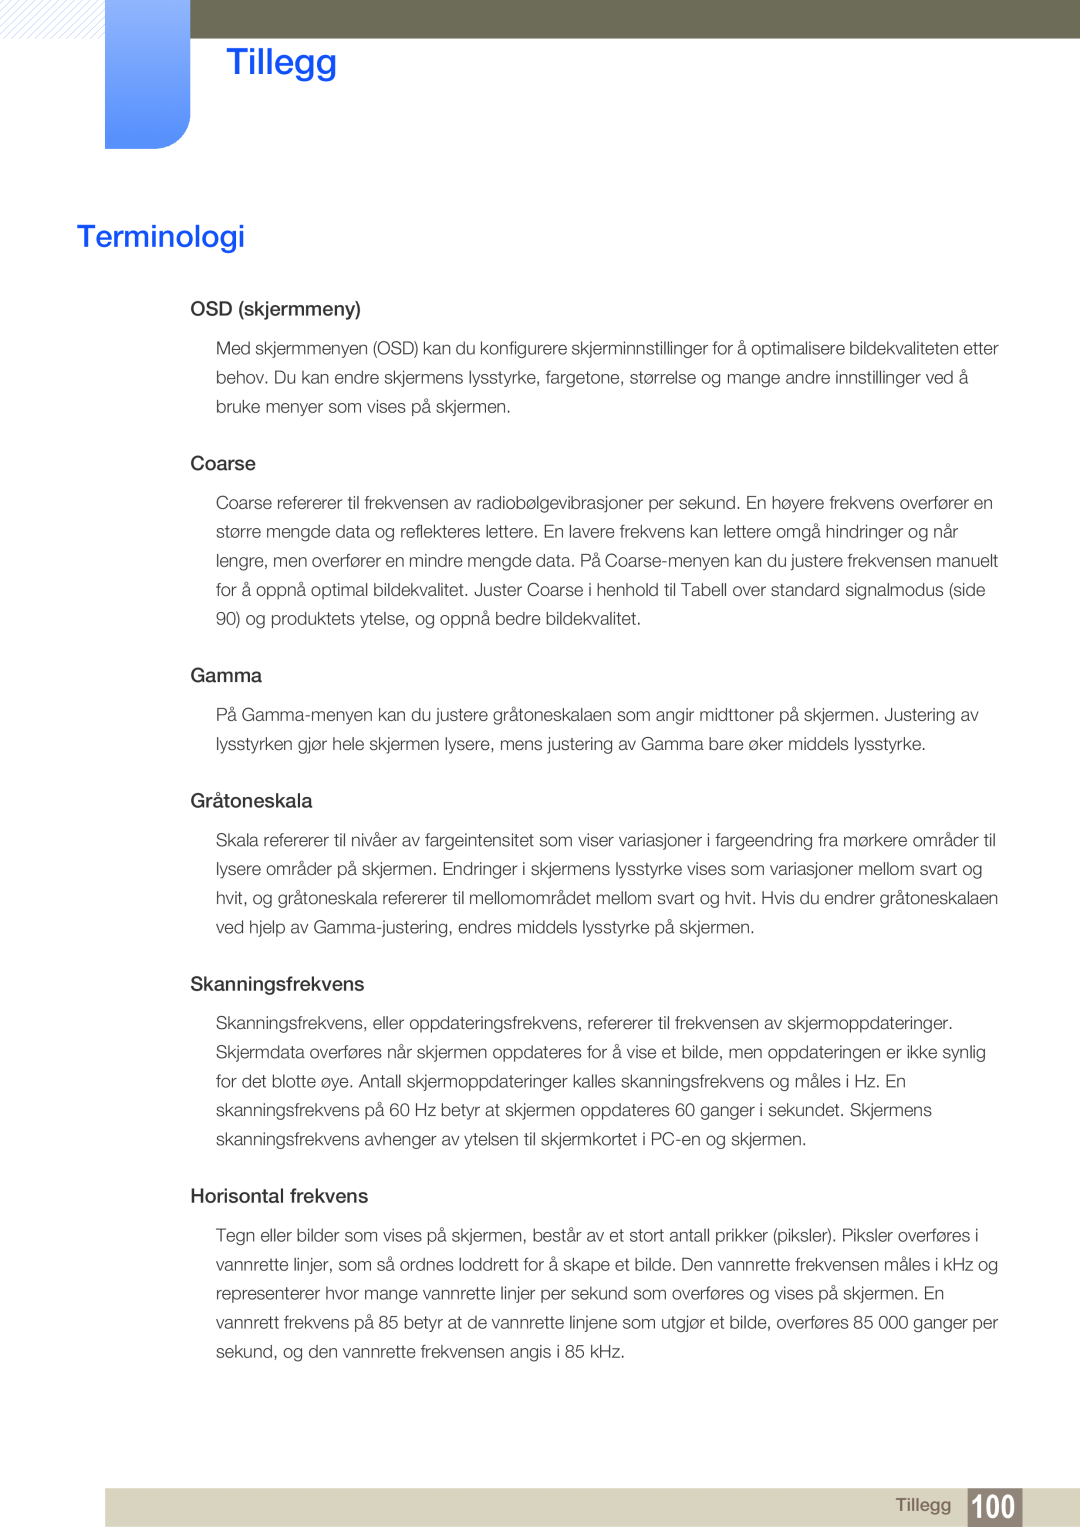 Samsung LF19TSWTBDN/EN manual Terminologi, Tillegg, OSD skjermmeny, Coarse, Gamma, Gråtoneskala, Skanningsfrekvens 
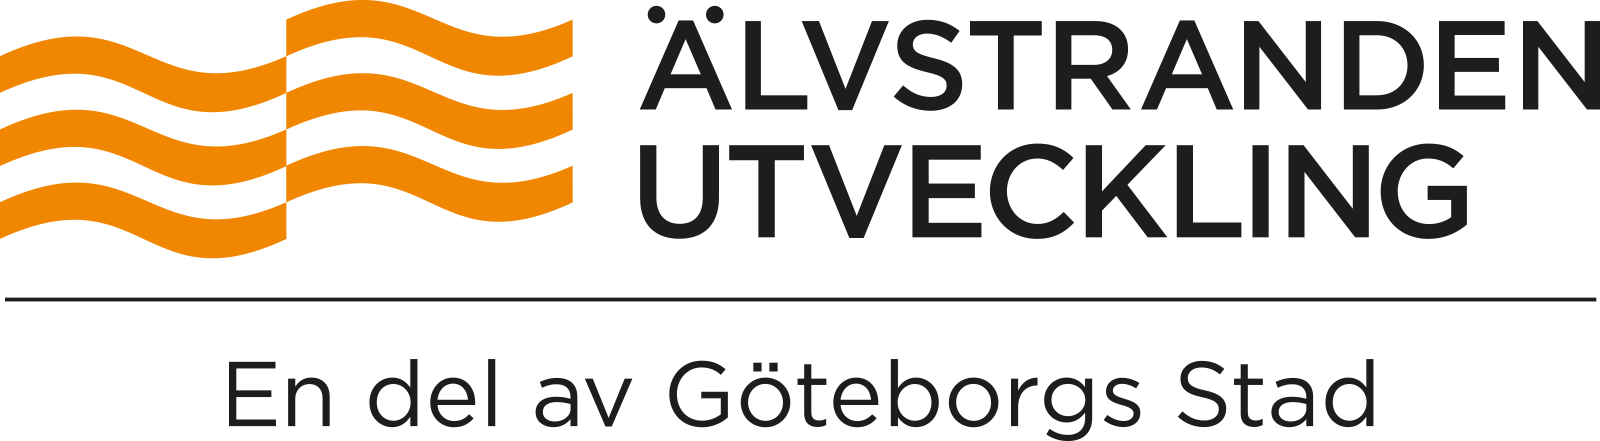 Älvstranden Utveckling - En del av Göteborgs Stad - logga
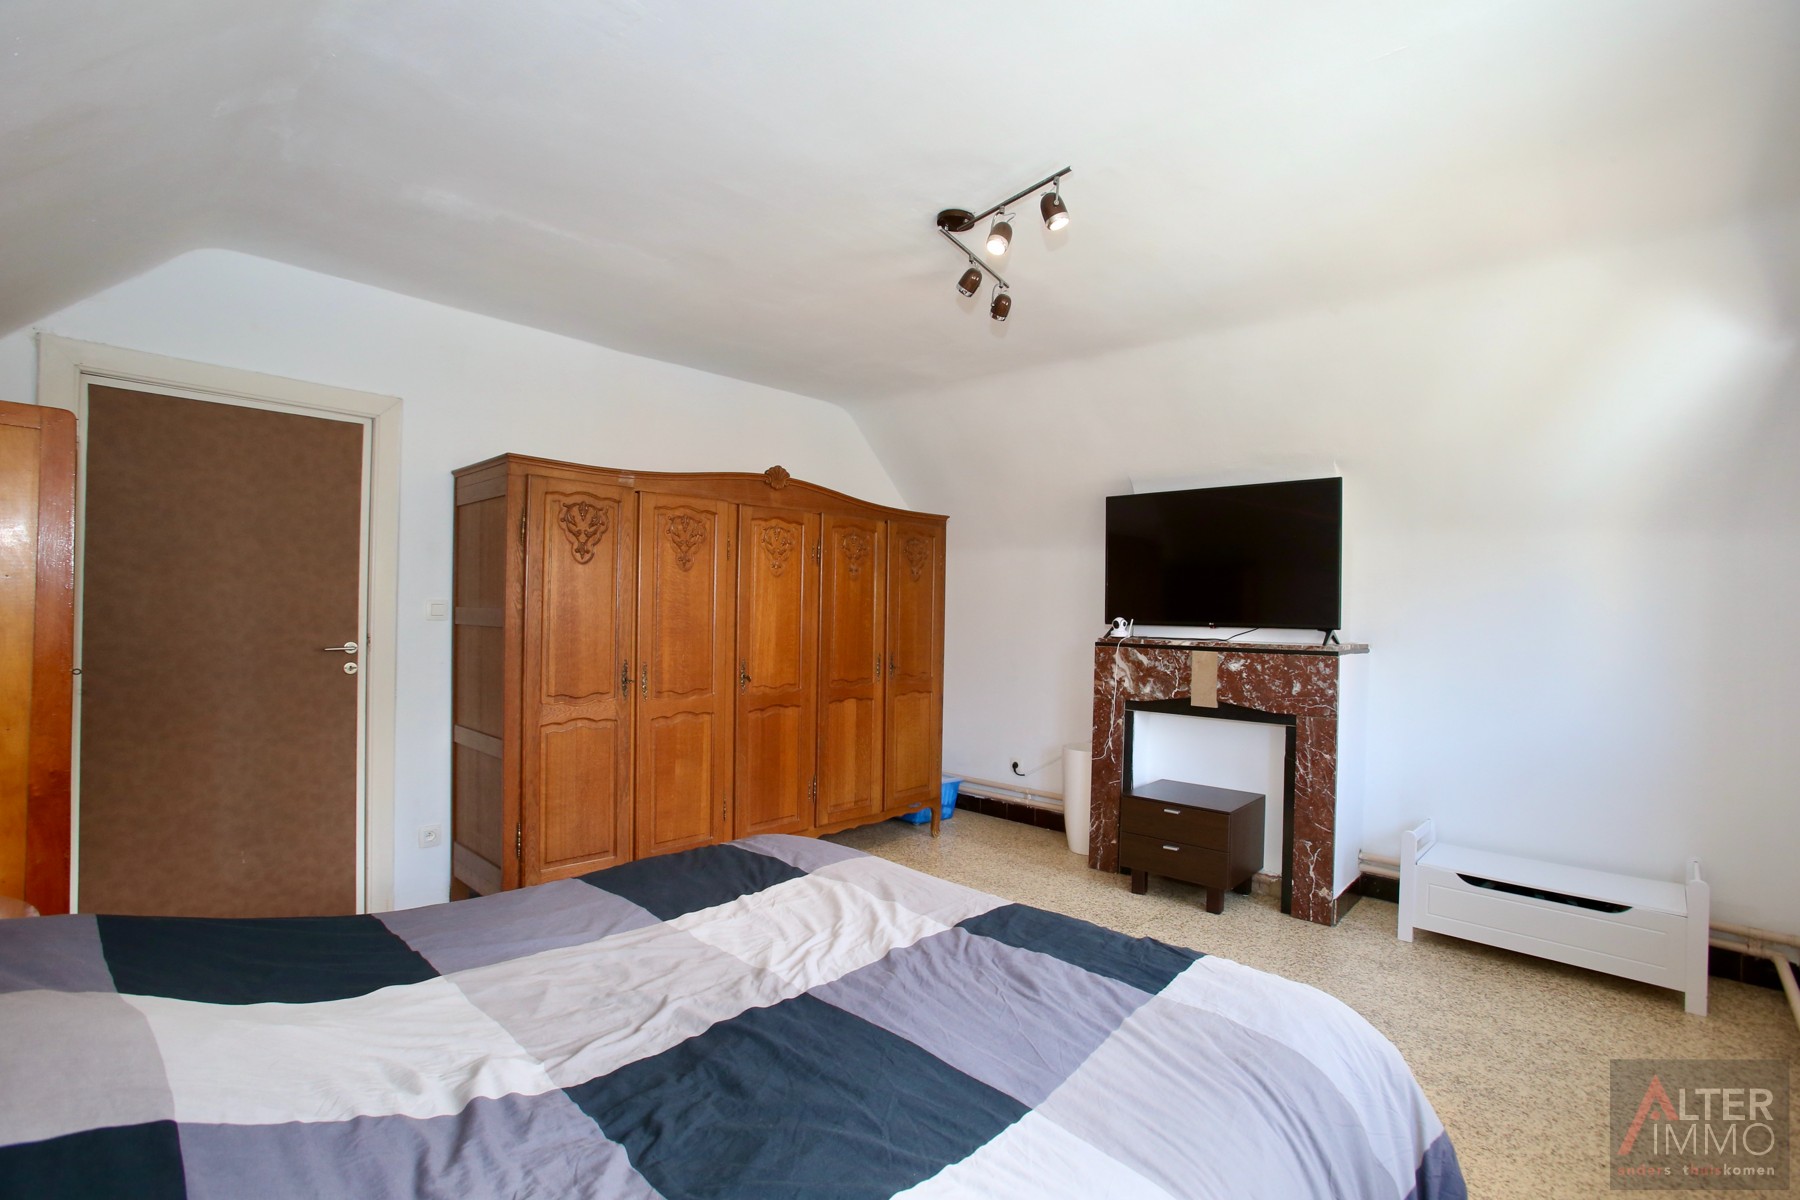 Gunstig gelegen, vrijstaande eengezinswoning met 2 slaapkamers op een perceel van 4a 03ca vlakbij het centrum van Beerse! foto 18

### Task item
Word for word, print the material above, but without its pictures.

### Output below
 Samsung LF19TSWTBDN/EN manual Terminologi, Tillegg, OSD skjermmeny, Coarse, Gamma, Gråtoneskala, Skanningsfrekvens 
 Älvstranden Utveckling - En del av Göteborgs Stad - logga
 Gunstig gelegen, vrijstaande eengezinswoning met 2 slaapkamers op een perceel van 4a 03ca vlakbij het centrum van Beerse! foto 18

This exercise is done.